Come per Pitagora e Tolkien, anch’io ho preso in prestito il concetto di Musica ponendolo come fondamenta del mondo, ma a differenza del professore di Oxford che nelle sue opere la Musica è creatrice (quella degli Ainur dietro il tema di Eru Iluvatar) e Pitagora che la considerava ordinatrice, nella mia opera la Musica che risuona silenziosa nel creato è demiurgica; condensa, plasma, riunisce in maniera armonica, trasforma, genera gli accidenti che differenziano gli enti, ma non crea.
Ordina e al contempo plasma come un artigiano.
Per questo Ïlmatäl è un Demiurgo femminile (un po’ come la Sapienza biblica); immette nella Luce una sinfonia armonica, un suono primordiale, un logos, una vibrazione.
Tale musica l’ho volutamente accostare all’Ohm della tradizione Induista e Buddista, al Logos della tradizione Cristiana ed Ermetica, alla Parola della tradizione egiziana ed ebraica.
Quantisticamente sappiamo che ogni cosa che esiste ha una sua specifica vibrazione, e che non è altro che energia condensata, e quando andai a studiare la teoria delle stringe, realizzai che l’Universo stesso non è altro che il frutto di una musica antica ed arcana che non può essere udita da orecchie umane.

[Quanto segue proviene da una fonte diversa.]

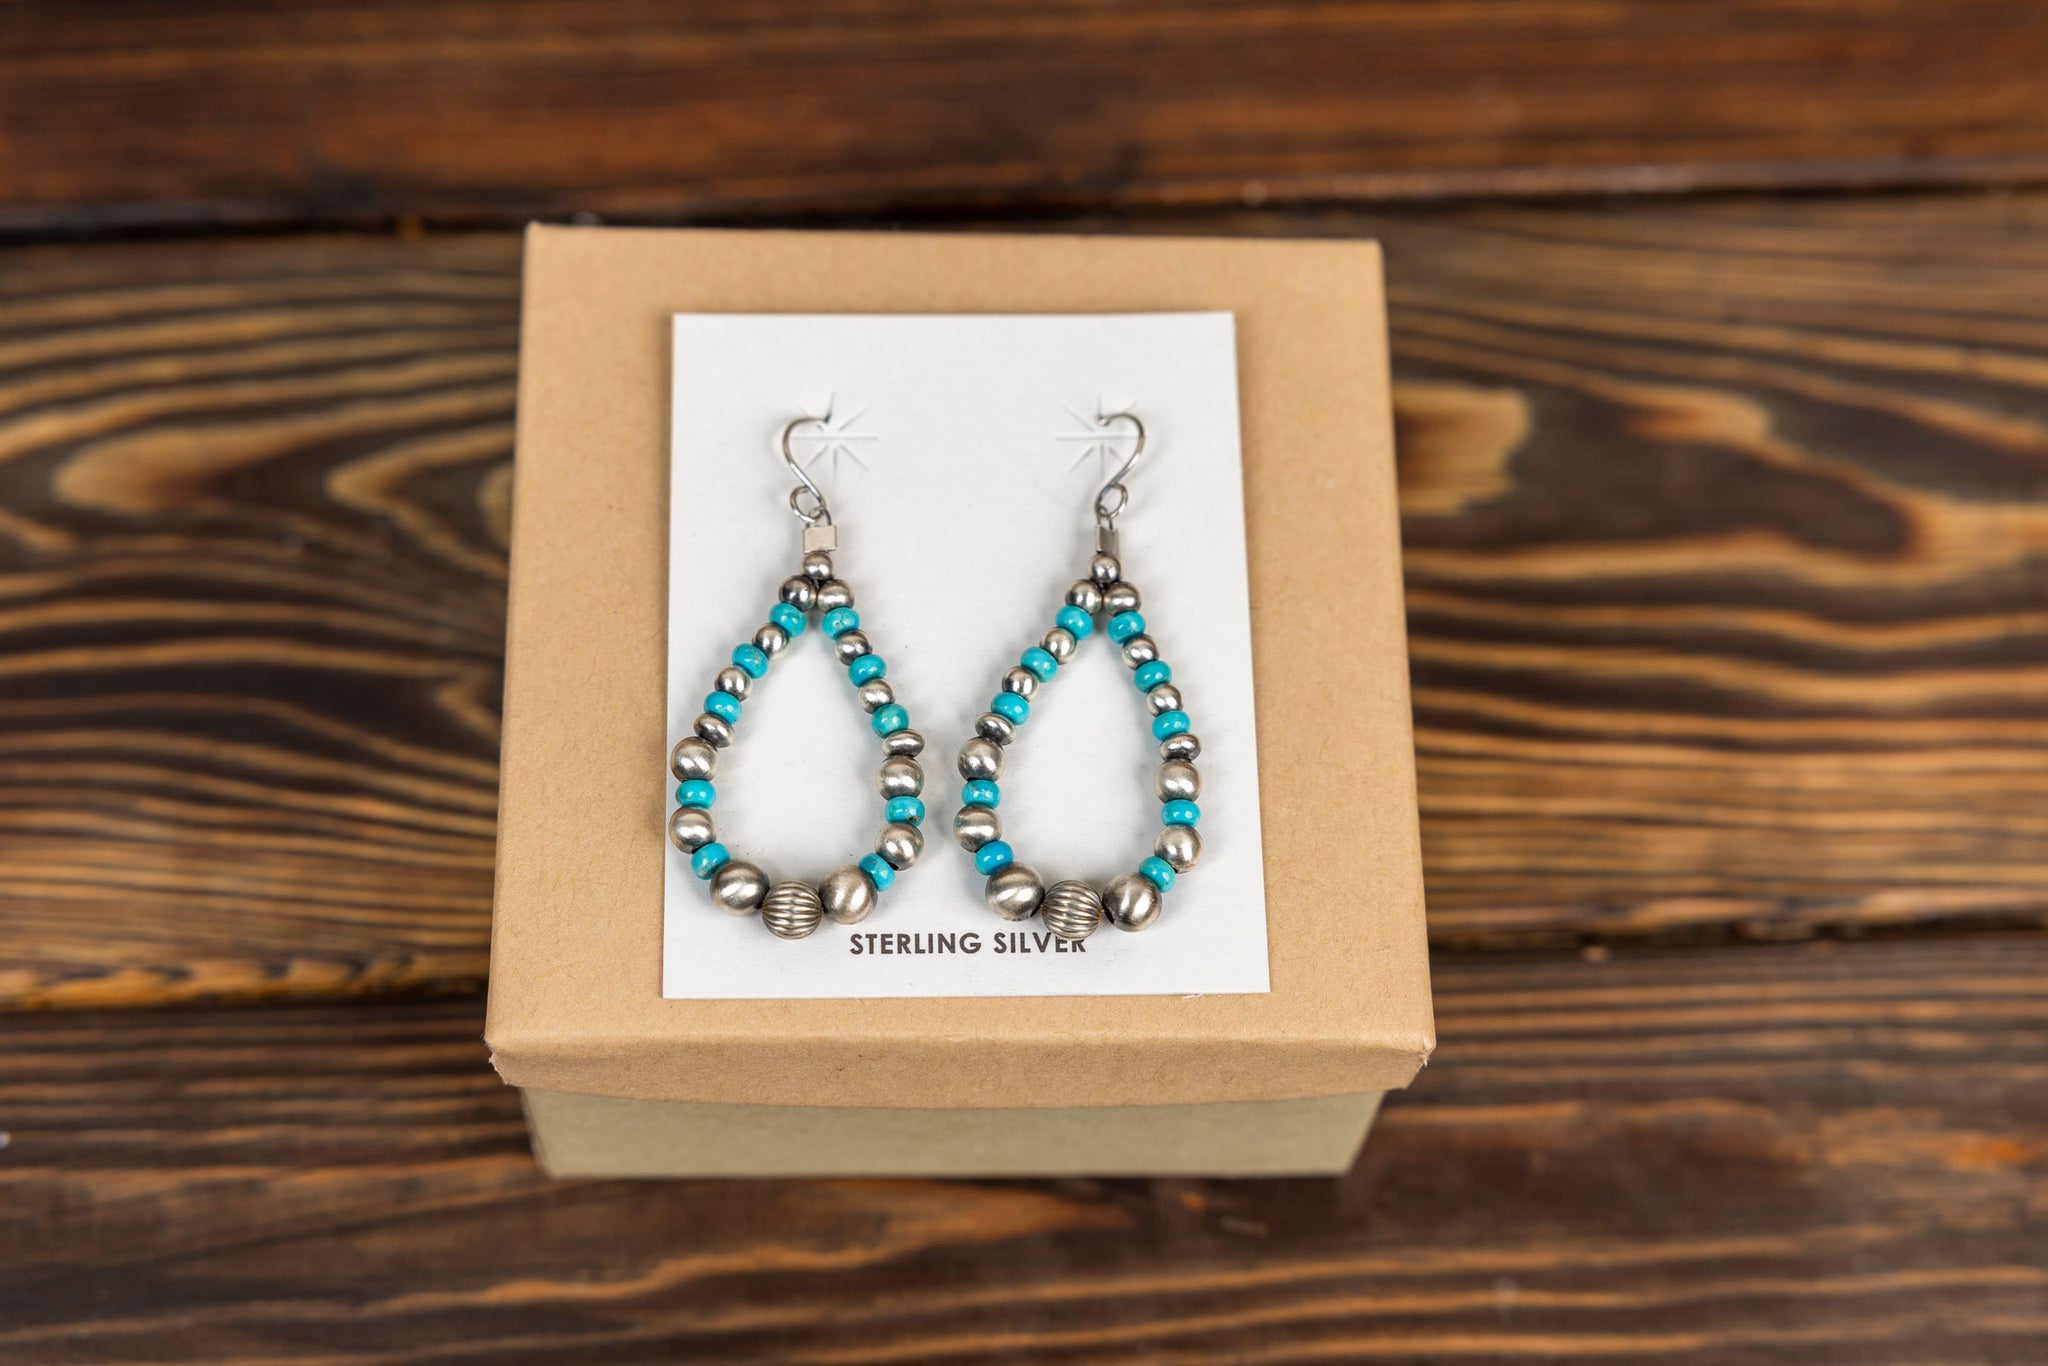 Navajo Pearl and Turquoise Hoop Earrings

Senza vibrazione, senza Musica, tutto sarebbe informe.
Dalla particella più piccola alla galassia più grande, tale Musica vibra e permea ogni cosa dell’Universo, ed è presente anche in noi stessi, nei nostri corpi, nei nostri campi elettromagnetici per quanto possano apparire deboli, nella nostra anima e spirito divenendo ponte tra l'immanente e il trascendente.
Questa idea, è alla base nel racconto La Musica di Ïlmatäl, di cui una forma più breve è contenuto all'interno della terza edizione de Le Fiabe di Edelëas.
Pietra d'angolo della mia cosmologia, per mezzo del simbolo e dell'allegoria spiega molto del rapporto tra l’Uomo, il Creato e la senziente e al contempo In-Consciente (il termine non è scritto a caso) causa scatenante dell'esistere; quell'Ente Supremo che i Greci chiamavano un tempo Arché, e che nella mia cosmologia chiamo Eàhteril.